If anyone could figure out a way to get three people illegally across the waters, it would be Lawless, with experience in most every illegal endeavor there was.
He left his friend a text message, knowing Lawless would call when he could.
A shower didn’t put Tag’s head to rights, but he emptied his mind while the scalding water sluiced down over his head. With possibly the biggest fight of his life upcoming, his mind would usually have been deep in the zone.
Marianna changed his focus.
He was fucking bruised inside without her.
Try to cut me loose, Anna. See what a biker will do.
He’d put her over his lap and listen to her cries of pleasure and submission.

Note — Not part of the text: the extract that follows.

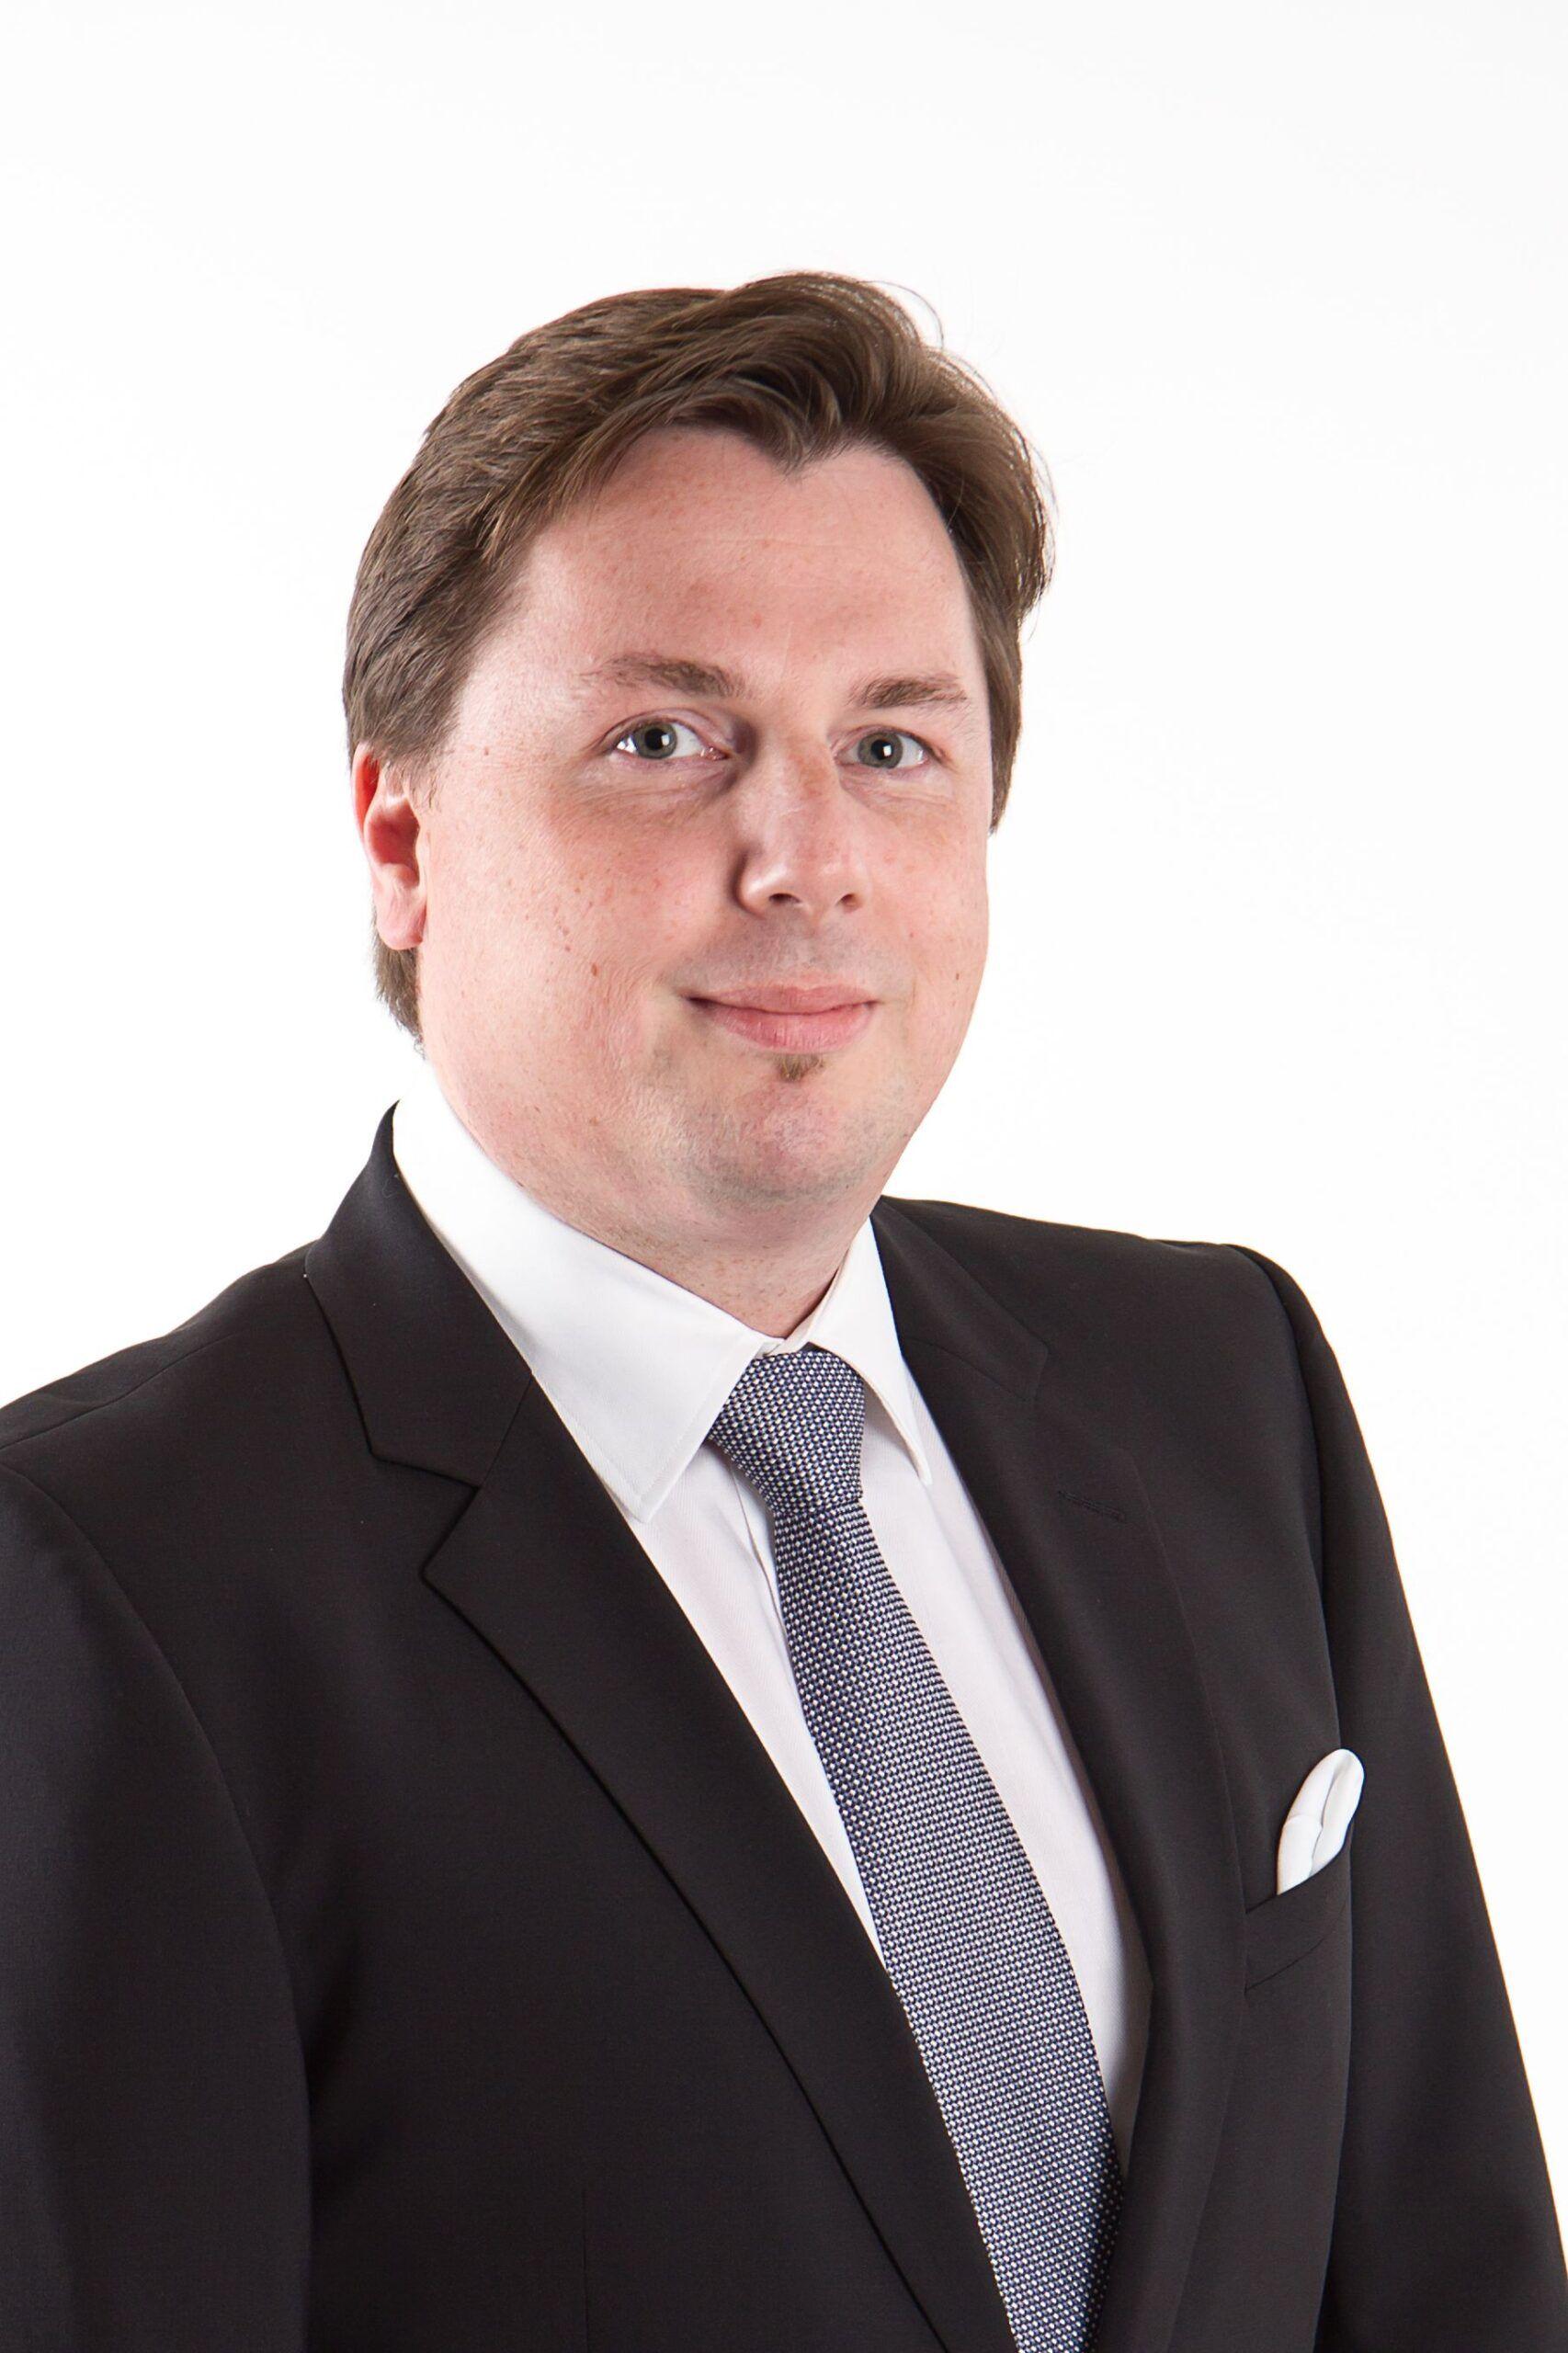 Manfred Zöhrer, CIIA

He growled her name while he shaved.
And rumbled it again while he prowled through the MC.
Be ready, Marianna. I’m not going easy now.
Easy-going Tag was yesterday.
Now he was determined as fuck to get what he wanted.

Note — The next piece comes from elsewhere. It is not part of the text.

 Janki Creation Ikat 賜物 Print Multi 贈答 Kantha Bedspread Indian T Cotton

And that was Marianna Yahnotov.
TWENTY-FIVE
“Out with the old. In with the new.” – Tag
It was one of those uncommon moments when a club problem solved itself.

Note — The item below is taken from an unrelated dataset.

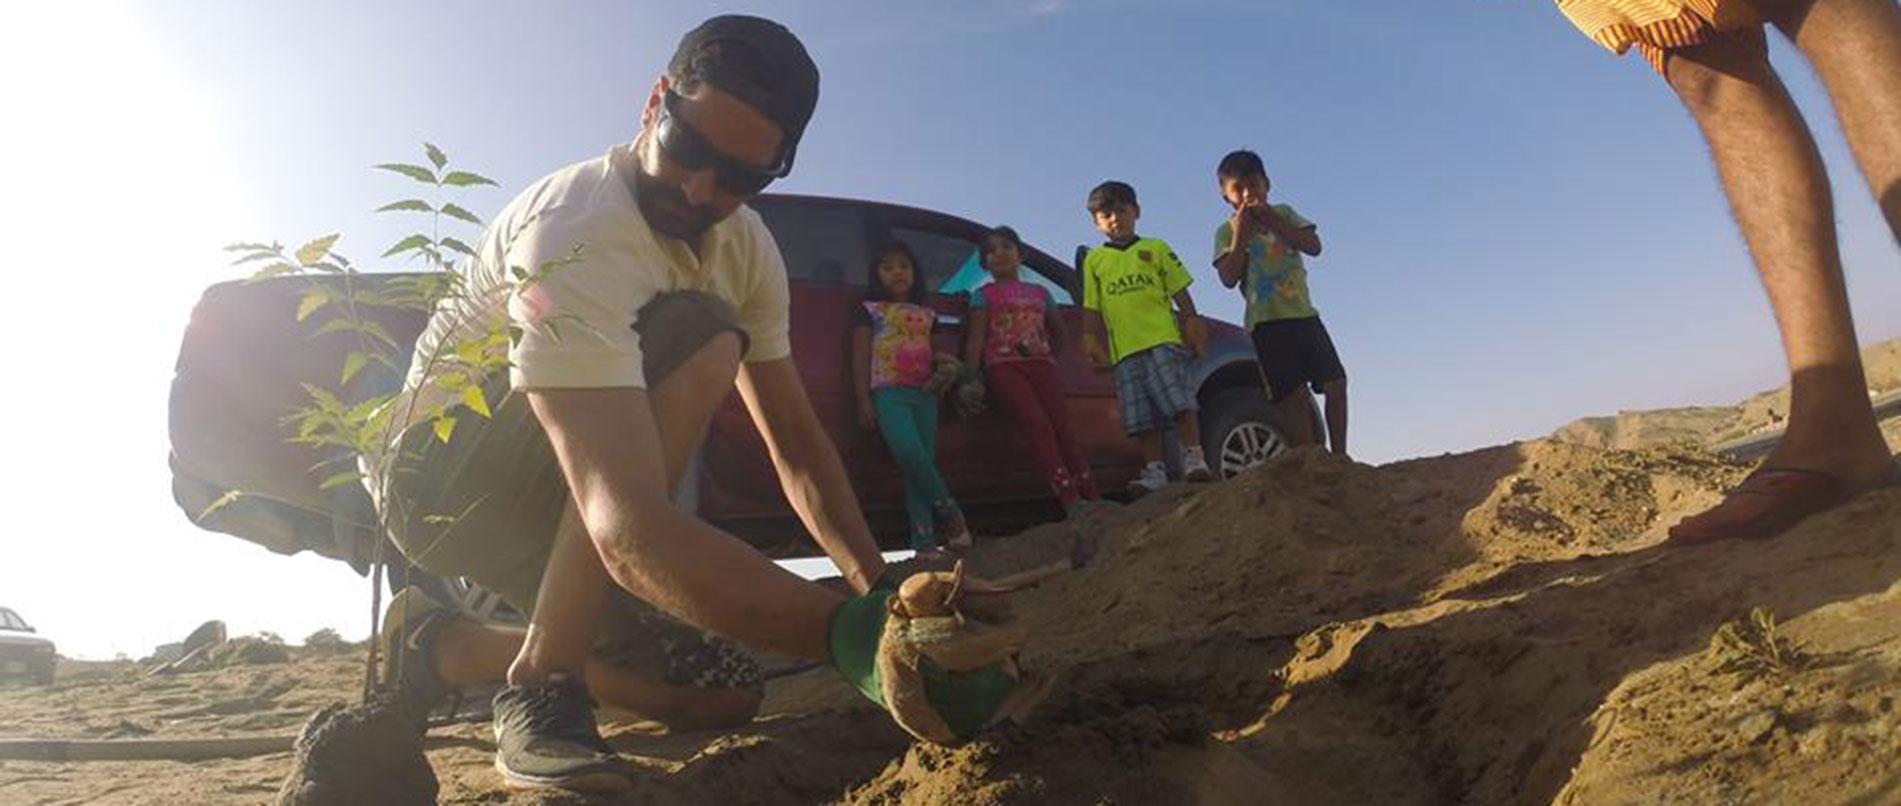 Peru Environmental Conservation Project Global Nomadic

Tag strolled into the clubhouse that morning—tired as hell, still cranky—and bumped into Hawk.
Not literally.
The VP would have ripped Tag’s head off had someone touched him without prior warning. Hawk wasn’t touch sensitive, but he was part-asshole and hated anyone in his space unless he wanted you there.
No back slaps or bro hugs for him.
“What’s up, VP? You look less murderous this fine morning, you had your Lucky Charms?” Tag half grinned.
Hawk only rolled up a fair eyebrow.
“My Gia said I can’t bury you in the mountains, but I can make it look like an accident, Prince Charming.”
Tag burst out laughing at Hawk’s monosyllabic tone. The bastard meant it too. Gotta love the VP. It was better to have him on side, that was for damn sure.
“Thank god for Gia.” Tag teased, only to watch the darkness seep into Hawk’s peepers. Such a possessive bastard.
But then, wasn’t Tag the same way over Marianna?
Even now he had itchy fingers to yank her close and bite her on the nec
k.
He worked his hands into the back pockets of his jeans to stop the jittering.
“Dix is out.” Hawk announced.
Surprise caught Tag. “When?”
“Snake brought him in this morning. It was his choice. Handed his prospect vest back with a thanks, but nah.”
What a waste. “Did he get banned?”
“Nah. Rider said he’s welcome as a hangaround.”
“Shame to lose him.” Tag remarked, “but he’s been fucking up for a while. Guess he decided he couldn’t cut it.”
Hawk shrugged unbothered, “easy come, easy go.”
Tag laughed, the VP was all about the emotion. Not.
They parted and Tag headed down to the gym. He needed to work out some of his aggression before he went to his place.
Three sparring partners later, sweat running down his face, he was still trying to reach peace.
One more round, he decided.
“You next, prospect.” He pointed, bouncing on his toes.
* * *
Marianna thought evading Tag would help clear her thoughts.
But it didn’t.
Not at all.
She craved him like a teen girl worshipped a popstar.
For two days he prowled around her—silent as a ghost, like he was marking his territory.
She’d pissed him off by leaving.
Two days of awkward smiles before she scuttled off to work on invoices and gym upkeep.
Marianna still made sure he got his lunch and vitamin water.
Two days of Tag’s scent following her wherever she went.
It was pretty apparent she had no will of her own when he was around.
Craving his nearness and his calming influence.
When he was close she didn’t feel so alone.
As far as she could see, all Marianna had left was to take what Anatoly offered her.
That thought put vomit into her throat.
If it were just her, she’d rather die than do it. But this was for her children.
Every possibility had to be considered carefully.
Needing to apologize to Tag for her behavior, she came through the gym doors carrying a baggie of I’m sorry cookies she’d baked for him this morning, shivering from the frosty morning.